Exactly. You use **Visual Spatial Memory**. It's a compressed representation. DeepSeek realized they could do the same for their **Optical Character Recognition (OCR)**
They trained a new type of encoder. It doesn't chop the image into 'words'. It compresses the *visual concept* of the page.
The results are shocking. They found that 10,000 words of content could be represented by just **1,500 visual tokens**.
Wait... that's **10x compression**.
You're saying the picture of the book is smaller than the text of the book?
To the AI's brain? Yes. For the first time, seeing is cheaper than reading.
If visual tokens are cheap... We may solves the Context Window problem!
Completely. It blows the doors off.
Imagine you're a coder. You have a massive codebase. 100,000 lines of code. Instead of pasting the text and hitting the limit...
...you feed it the screenshots. The AI caches the 'visual memory' of your code.
It's like the physicist **Hans Bethe**. He memorized the periodic table so he never had to look it up.

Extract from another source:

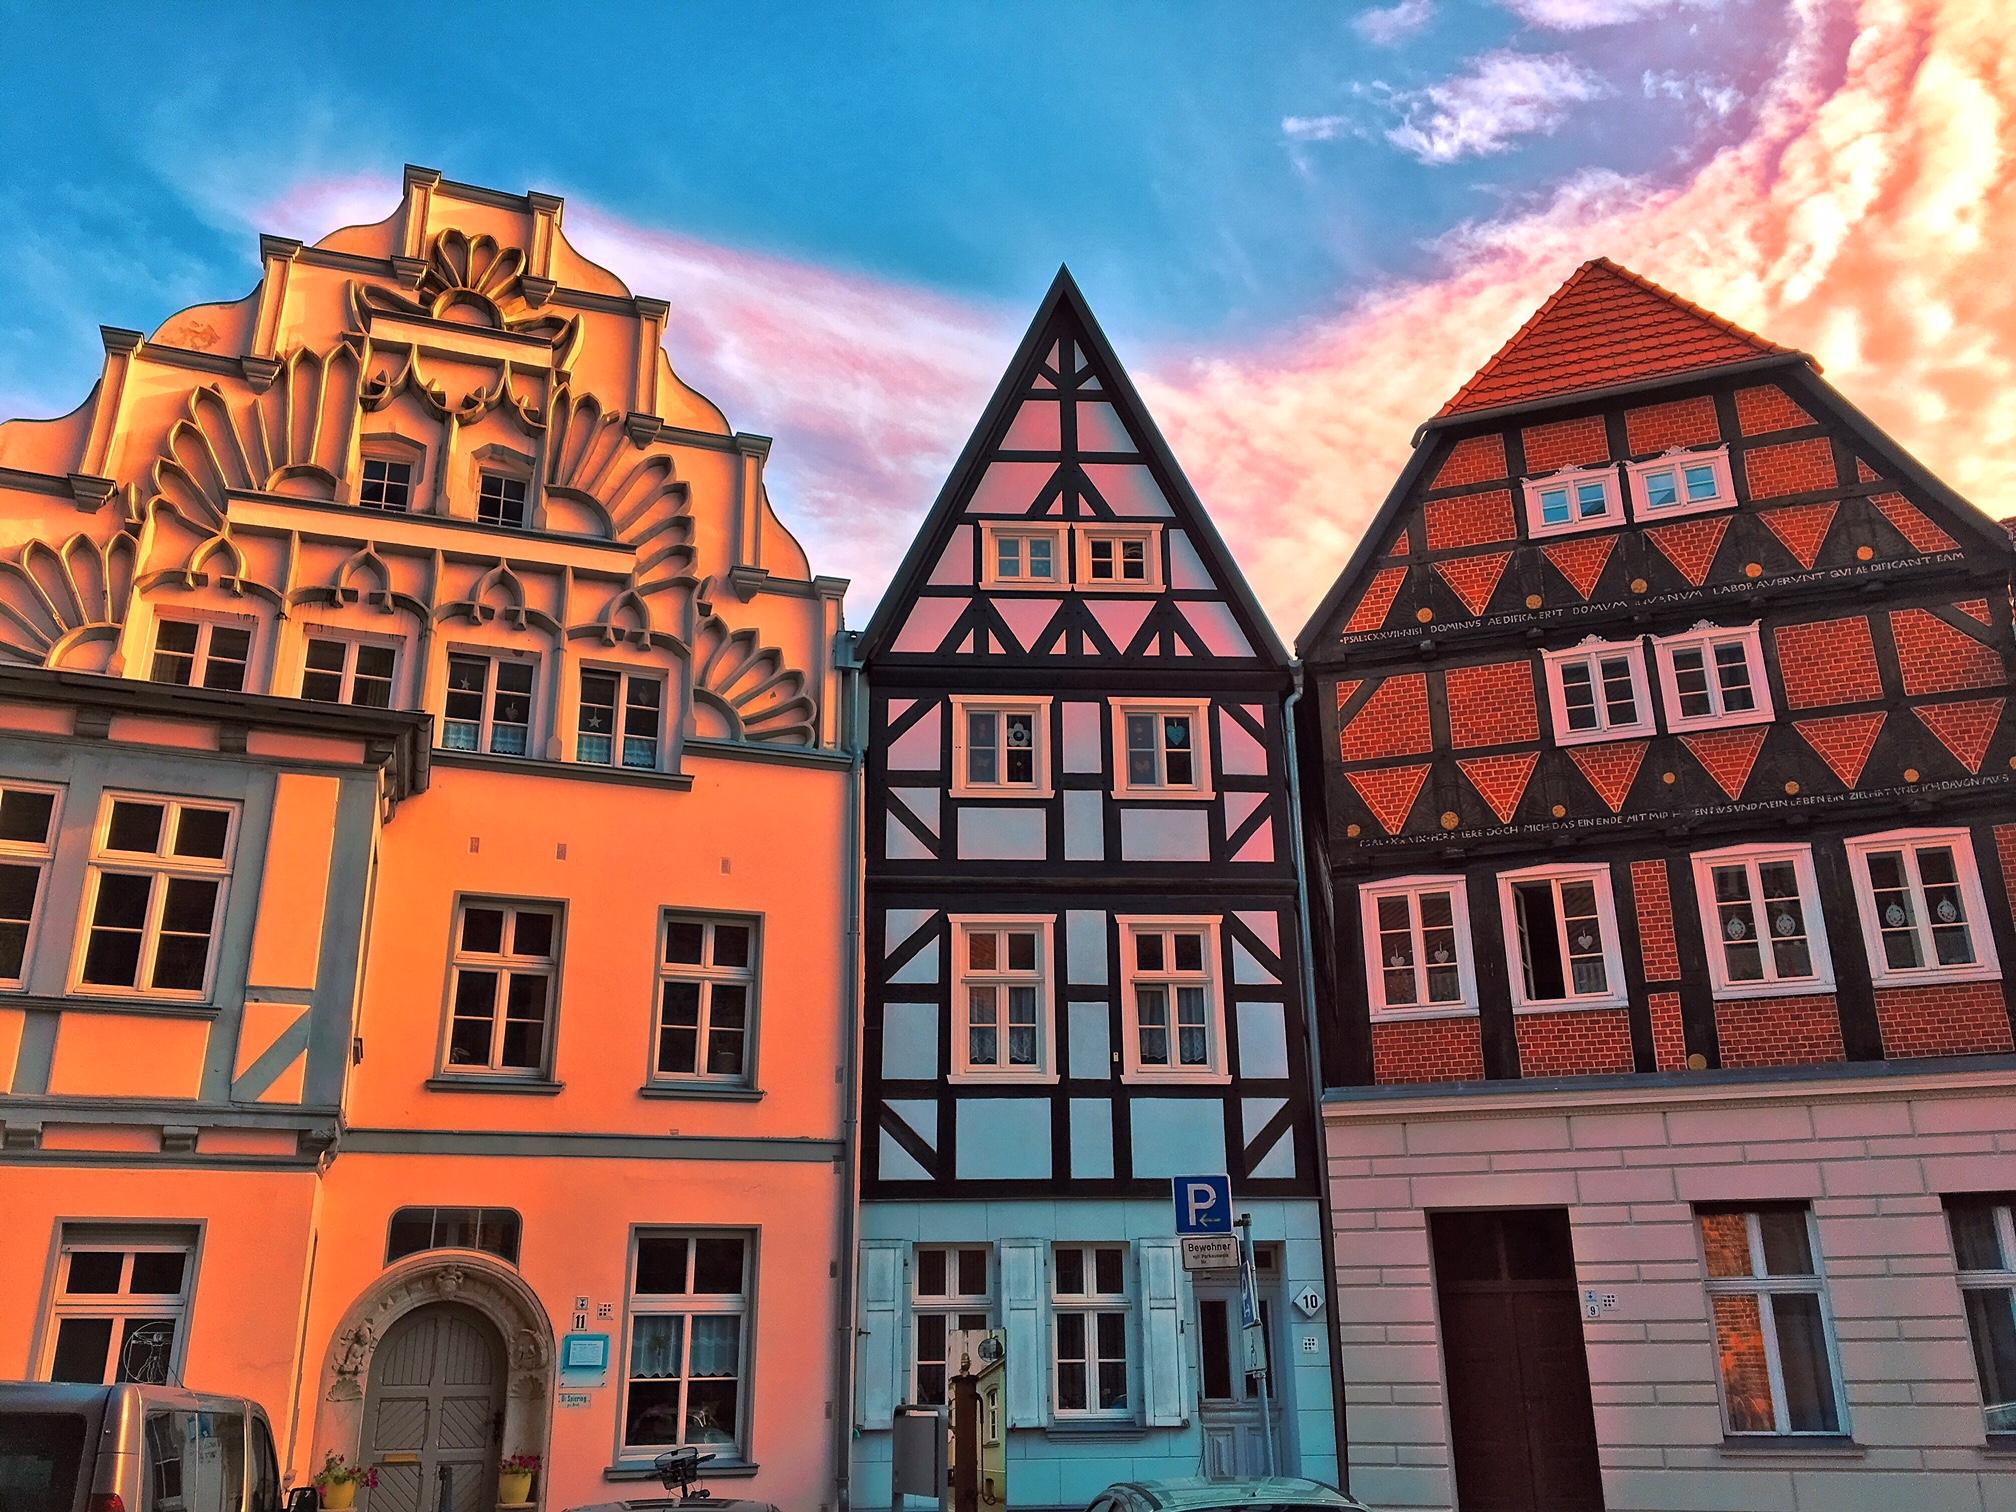 Perleberg, Germany

This allows the AI to 'memorize' your entire company's documentation visually.
But... does it understand it? Can it reason over pixels?
That's the trade-off. Can it do complex logic on a compressed visual memory? We're still finding out.
But for retrieval? For finding a needle in a haystack? It didn't need to read the text 'wire A connects to wire B'. It just *saw* the line connecting them.
So we went from scanning pixels... to reading visual sentences... to basically implanting photographic memories.
We stopped trying to turn images into text. We started teaching the AI to dream in pictures.